The run.sh script does the following:

  • 将 Snowpark 库和依赖项添加到类路径。
  • Creates a <path>/snowpark-1.18.0/repl_classes/ directory for the classes generated by the Scala REPL.
  • Preloads the preload.scala file, which imports the com.snowflake.snowpark package and the com.snowflake.snowpark.functions object.

如果您使用不同的 Scala REPL 版本:

  1. 将 Snowpark 库 JAR 文件和依赖项添加到类路径。

    • Snowpark 库 JAR 文件位于提取 TAR/ZIP 归档文件的顶级目录中。
    • The dependencies are in the lib directory of the extracted TAR/ZIP archive file.
  2. Create a temporary directory for the classes generated by the REPL, and configure the REPL to generate classes in that directory.

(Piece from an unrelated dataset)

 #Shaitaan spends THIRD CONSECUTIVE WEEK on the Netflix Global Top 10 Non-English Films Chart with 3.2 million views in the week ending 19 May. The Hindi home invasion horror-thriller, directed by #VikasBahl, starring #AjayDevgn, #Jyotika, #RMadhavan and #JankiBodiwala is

Later, when defining inline user-defined functions (UDFs), you’ll need to specify the directory for the REPL classes as a dependency.

验证 Scala REPL 配置

要验证您是否已将项目配置为使用 Snowpark,请运行简单的 Snowpark 代码示例。

  1. In the directory containing the files extracted from the .zip / .tar.gz file (i.e. the directory containing the run.sh script), create a Main.scala file that contains the code below:

    import com.snowflake.snowpark._
    import com.snowflake.snowpark.functions._
    
    object Main {
      def main(args: Array[String]): Unit = {
        // Replace the <placeholders> below.
        val configs = Map (
          "URL" -> "https://<account_identifier>.snowflakecomputing.cn:443",
          "USER" -> "<user name>",
          "PASSWORD" -> "<password>",
          "ROLE" -> "<role name>",
          "WAREHOUSE" -> "<warehouse name>",
          "DB" -> "<database name>",
          "SCHEMA" -> "<schema name>"
        )
        val session = Session.builder.configs(configs).create
        session.sql("show tables").show()
      }
    }

    Note the following:

    • Replace the placeholders with values that you use to connect to Snowflake.

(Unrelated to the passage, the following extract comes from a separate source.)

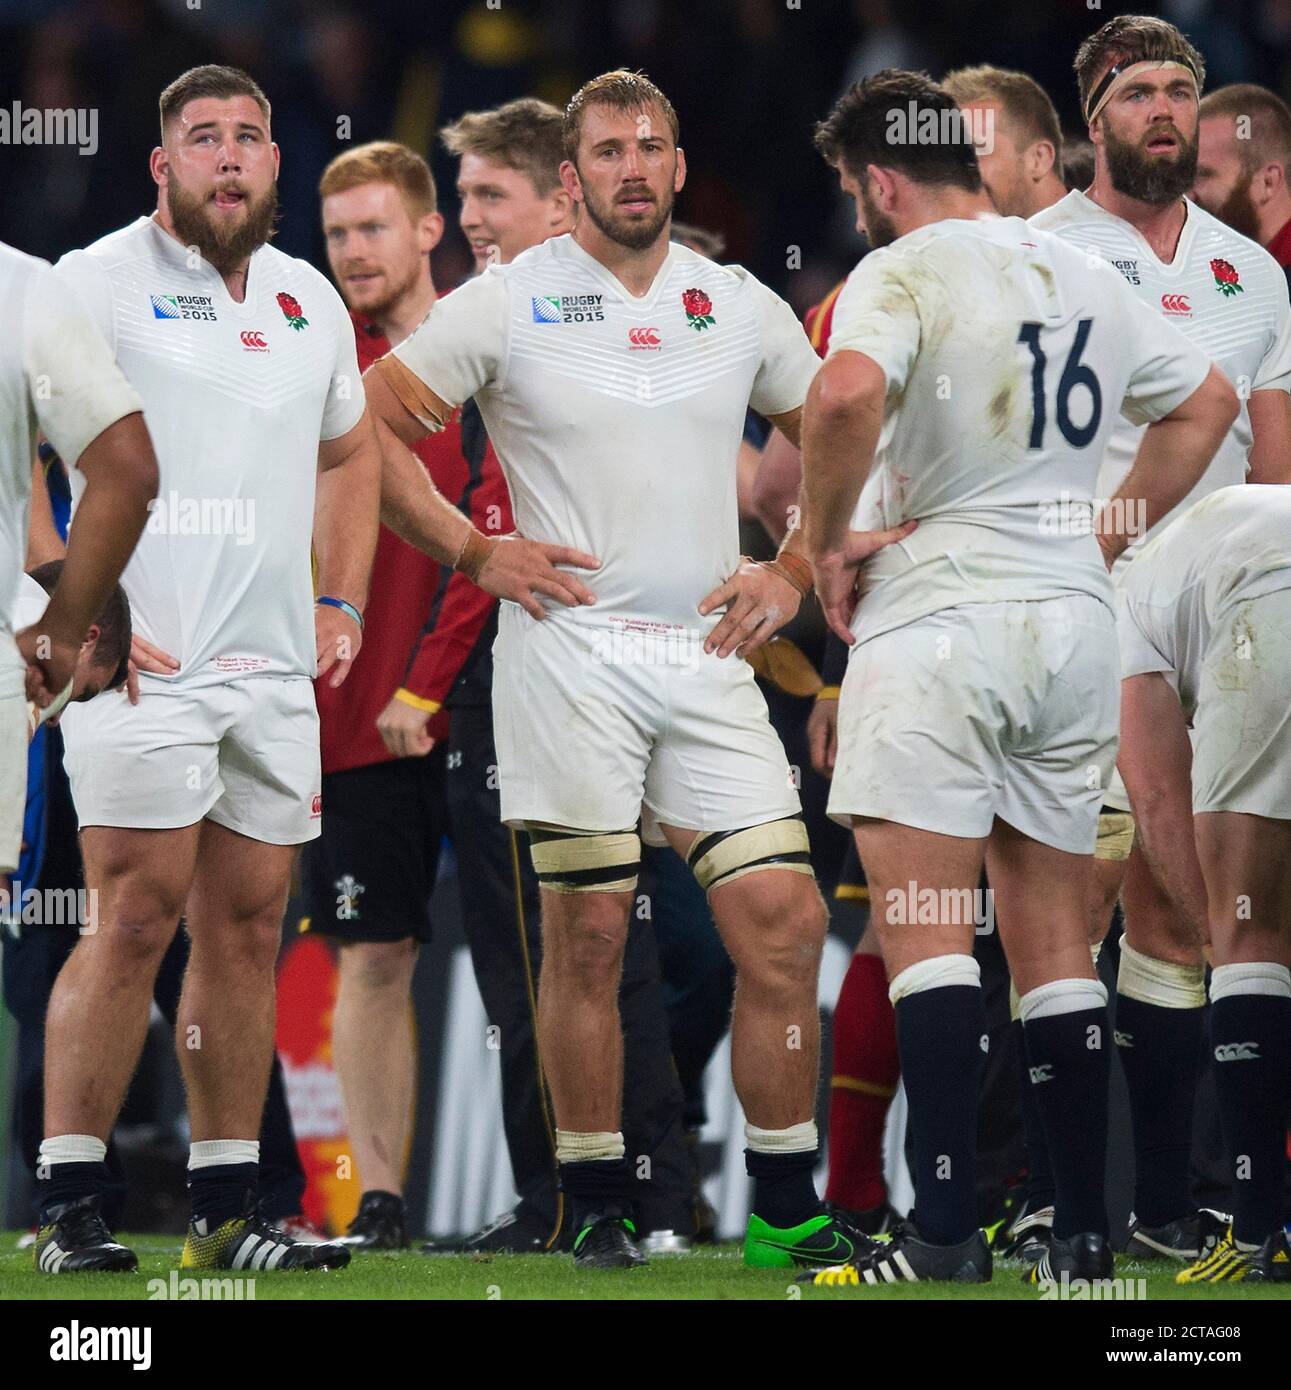 Chris Robshaw  England v Wales Rugby World Cup 2015   Picture Credit : © Mark Pain / Alamy Stock Photo

    • For account_identifier, specify your account identifier.

    • If you prefer to use key pair authentication:

      • Replace PASSWORD with PRIVATE_KEY_FILE, and set it to the path to your private key file.
      • If the private key is encrypted, you must set PRIVATE_KEY_FILE_PWD to the passphrase for decrypting the private key.

      As an alternative to setting PRIVATE_KEY_FILE and PRIVATE_KEY_FILE_PWD, you can set the PRIVATEKEY property to the string value of the unencrypted private key from the private key file.

      • For example, if your private key file is unencrypted, set this to the value of the key in the file (without the -----BEGIN PRIVATE KEY----- and -----END PRIVATE KEY----- header and footer and without the line endings).
      • Note that if the private key is encrypted, you must decrypt the key before setting it as the value of the PRIVATEKEY property.
  2. From within the directory, run the run.sh script to start the Scala REPL with the settings needed for the Snowpark library:

    ./run.sh
  3. 在 Scala REPL shell 中,输入以下命令以加载您刚刚创建的示例文件:

    :load Main.scala
  4. Run the following statement to execute the main method of the class that you loaded:

    Main.main(Array[String]())

    This runs the SHOW TABLES command and prints out the first 10 rows of the results.